14. A method according to claim 13 wherein dynamic range control is
provided by a dynamic range compression/expansion function.
15. Apparatus comprising means adapted to perform the method of
claim 1.
16. A computer program, stored on a computer-readable medium for
causing a computer to perform the method of claim 1.
17. A computer-readable medium storing thereon the computer program
performing the method of claim 1.
18. A method according to claim 2 wherein there is access to a time
evolution of the entertainment audio before and after a processing
point, and wherein said generating a control responds to at least
some audio after the processing point.
19. A method according to claim 2 wherein said processing operates
in accordance with one or more processing parameters.
20. A method according to claim 19 wherein adjustment of one or
more parameters is responsive to the entertainment audio such that
a metric of speech intelligibility of the processed audio is either
maximized or urged above a desired threshold level.
21. A method according to claim 20 wherein the entertainment audio
comprises multiple channels of audio in which one channel is
primarily speech and the one or more other channels are primarily
non-speech, wherein the metric of speech intelligibility is based
on the level of the speech channel and the level in the one or more
other channels.
22. A method according to claim 21 wherein the metric of speech
intelligibility is also based on the level of noise in a listening
environment in which the processed audio is reproduced.
23. A method according to claim 19 wherein adjustment of one or
more parameters is responsive to one or more long-term descriptors
of the entertainment audio.
24. A method according to claim 23 wherein a long-term descriptor
is the average dialog level of the entertainment audio.
25. A method according to claim 23 wherein a long-term descriptor
is an estimate of processing already applied to the entertainment
audio.
26. A method according to claim 19 wherein adjustment of one or
more parameters is in accordance with a prescriptive formula,
wherein the prescriptive formula relates the hearing acuity of a
listener or group of listeners to the one or more parameters.
27. A method according to claim 19 wherein adjustment of one or
more parameters is in accordance with the preferences of one or
more listeners.
28. A method according to claim 2 wherein said processing provides
dynamic range control, dynamic equalization, spectral sharpening,
speech extraction, noise reduction, or other speech enhancing
action.
29. A method according to claim 28 wherein dynamic range control is
provided by a dynamic range compression/expansion function.

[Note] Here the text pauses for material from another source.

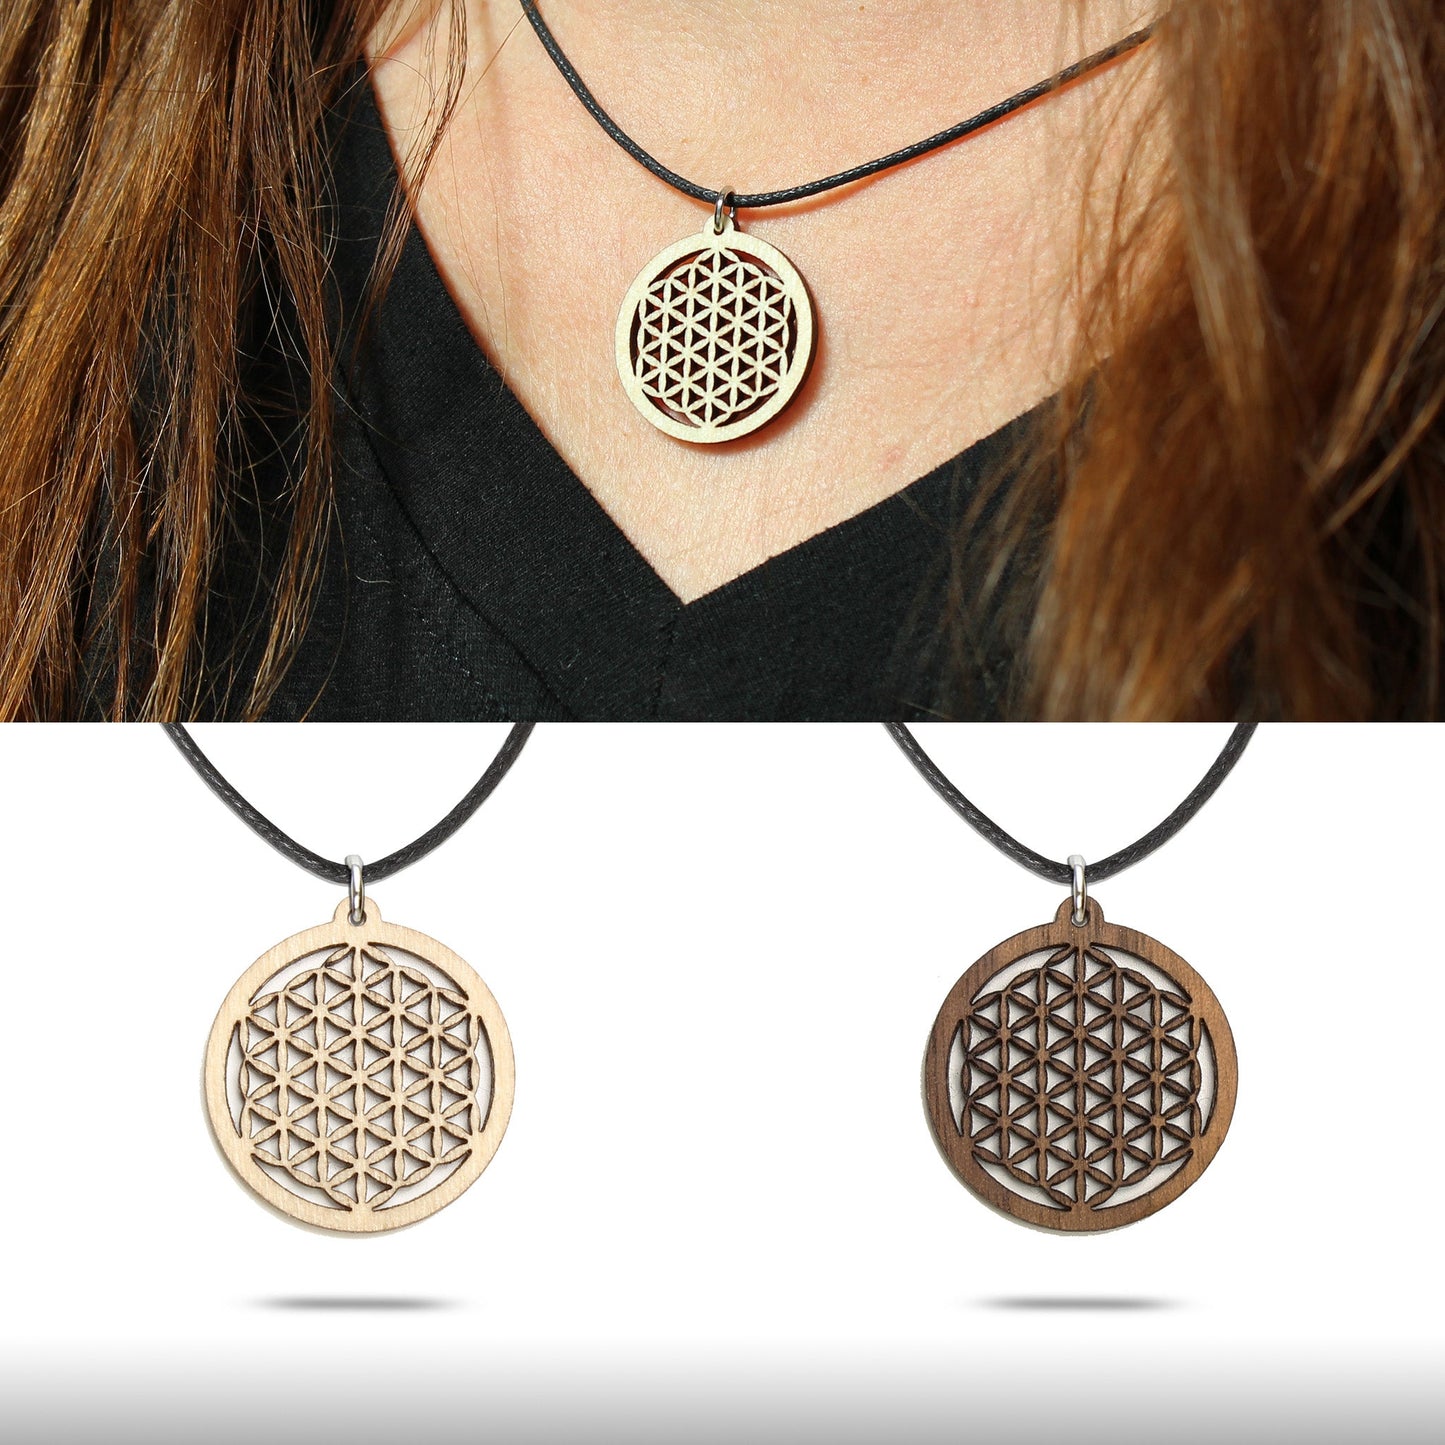 Halskette "Blume des Lebens" klein - Nanino Design Onlineshop -

30. Apparatus comprising means adapted to perform the method of
claim 2.
31. A computer program, stored on a computer-readable medium for
causing a computer to perform the method of claim 2.
32. A computer-readable medium storing thereon the computer program
performing the method of claim 2.
Description
TECHNICAL FIELD
[0001] The invention relates to audio signal processing. More
specifically, the invention relates to processing entertainment
audio, such as television audio, to improve the clarity and
intelligibility of speech, such as dialog and narrative audio. The
invention relates to methods, apparatus for performing such
methods, and to software stored on a computer-readable medium for
causing a computer to perform such methods.
BACKGROUND ART
[0002] Audiovisual entertainment has evolved into a fast-paced
sequence of dialog, narrative, music, and effects. The high realism
achievable with modern entertainment audio technologies and
production methods has encouraged the use of conversational
speaking styles on television that differ substantially from the
clearly-annunciated stage-like presentation of the past. This
situation poses a problem not only for the growing population of
elderly viewers who, faced with diminished sensory and language
processing abilities, must strain to follow the programming but
also for persons with normal hearing, for example, when listening
at low acoustic levels.
[0003] How well speech is understood depends on several factors.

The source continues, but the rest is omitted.